Using weights_only for Security

Critical: PyTorch 2.0+ introduces weights_only=True flag to prevent arbitrary code execution during checkpoint loading.

# Old way (PyTorch < 2.0) - potentially unsafe
checkpoint = torch.load('checkpoint.pt')  # Can execute arbitrary code!

# New way (PyTorch 2.0+) - safe
checkpoint = torch.load('checkpoint.pt', weights_only=True)  # Only loads tensors

# Handling weights_only with full checkpoints
def save_checkpoint_secure(checkpoint: dict, checkpoint_path: str) -> None:
    """Save checkpoint in format compatible with weights_only=True."""
    # Ensure all values are tensors, dicts, or primitives (no custom classes)
    safe_checkpoint = {
        'epoch': checkpoint['epoch'],  # int - OK
        'model_state_dict': checkpoint['model_state_dict'],  # dict of tensors - OK
        'optimizer_state_dict': checkpoint['optimizer_state_dict'],  # dict of tensors - OK
        'scheduler_state_dict': checkpoint['scheduler_state_dict'],  # dict - OK
        'loss': checkpoint['loss'],  # float - OK
        'rng_state': checkpoint['rng_state'],  # tensor - OK
        'cuda_rng_state': checkpoint['cuda_rng_state'],  # list of tensors - OK
    }

    torch.save(safe_checkpoint, checkpoint_path)

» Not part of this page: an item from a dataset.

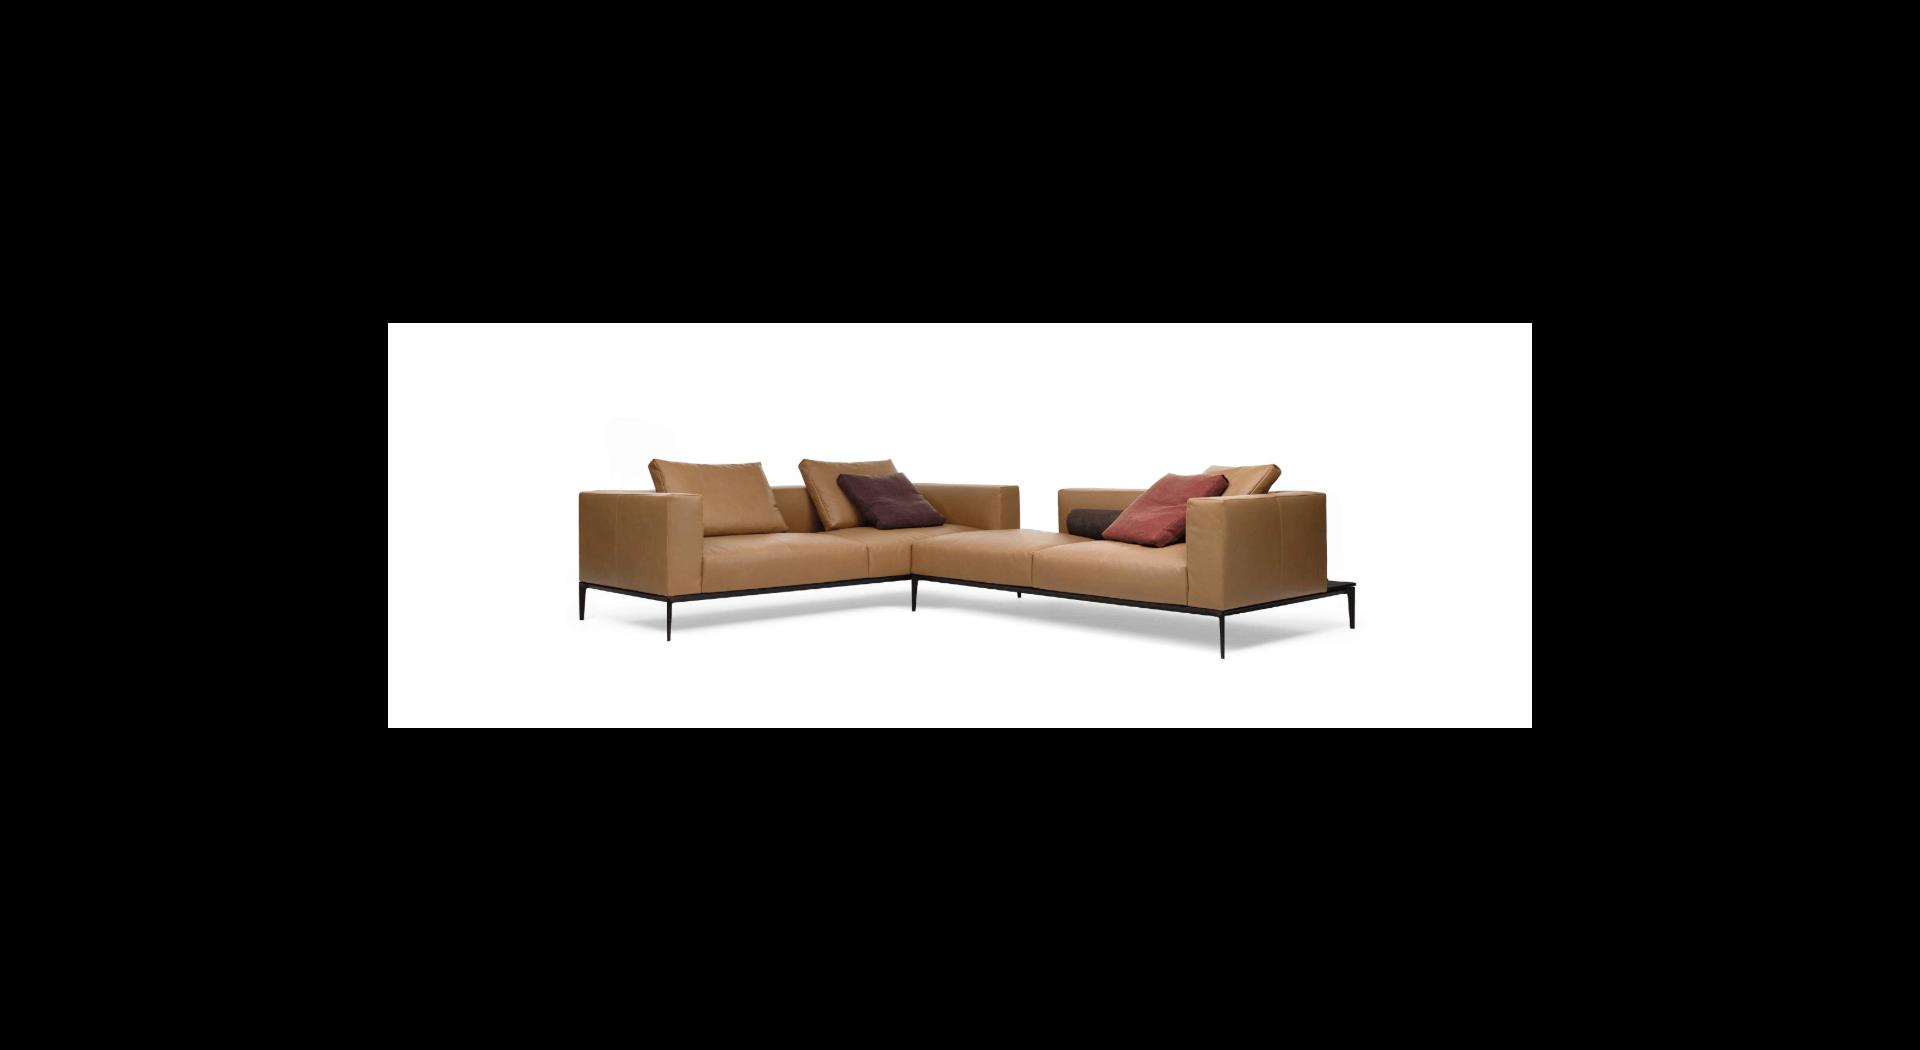 Jaan Living Alternativ Walter Knoll Sofas For Reception Lounge Area

def load_checkpoint_secure(checkpoint_path: str) -> dict:
    """Load checkpoint securely with weights_only=True."""
    try:
        # Try weights_only first (PyTorch 2.0+)
        checkpoint = torch.load(checkpoint_path, weights_only=True)
    except TypeError:
        # Fall back for PyTorch < 2.0
        print("weights_only not available, loading without (PyTorch < 2.0)")
        checkpoint = torch.load(checkpoint_path)
    except Exception as e:
        # Checkpoint contains non-tensor objects
        print(f"weights_only=True failed: {e}")
        print("Loading with weights_only=False (CAUTION: potential security risk)")
        checkpoint = torch.load(checkpoint_path, weights_only=False)

    return checkpoint

Common Checkpointing Pitfalls

Pitfall 1: Saving Model Object Instead of state_dict

# ❌ WRONG: Saving entire model object
torch.save(model, 'model.pt')

# Problems:
# - Not portable (tied to specific Python class definition)
# - Requires exact same code structure to load
# - Pickle-based, version-sensitive
# - Cannot load in different model architecture

# ✅ CORRECT: Saving state_dict
torch.save(model.state_dict(), 'model.pt')

# or in checkpoint:
checkpoint = {
    'model_state_dict': model.state_dict(),
    # ... other components
}
torch.save(checkpoint, 'checkpoint.pt')

# Benefits:
# - Portable across code versions
# - Can load into different architectures (with strict=False)
# - Standard practice in PyTorch

Pitfall 2: Forgetting Scheduler State

# ❌ WRONG: Missing scheduler state
checkpoint = {
    'epoch': epoch,
    'model_state_dict': model.state_dict(),
    'optimizer_state_dict': optimizer.state_dict(),
    # Missing: scheduler_state_dict
}

# Result: Learning rate resets to initial value on resume!
# Example: If at epoch 50 with LR=0.001 after decay,
#          resume will reset LR to 0.1 (initial), causing instability

# ✅ CORRECT: Include scheduler state
checkpoint = {
    'epoch': epoch,
    'model_state_dict': model.state_dict(),
    'optimizer_state_dict': optimizer.state_dict(),
    'scheduler_state_dict': scheduler.state_dict(),  # Critical!
}

# Resume
optimizer.load_state_dict(checkpoint['optimizer_state_dict'])
scheduler.load_state_dict(checkpoint['scheduler_state_dict'])
# Scheduler continues from correct position

Pitfall 3: Not Handling Device Correctly

# ❌ WRONG: Not using map_location
# Checkpoint saved on GPU, loading on CPU
checkpoint = torch.load('checkpoint.pt')  # ERROR: CUDA not available
model.load_state_dict(checkpoint['model_state_dict'])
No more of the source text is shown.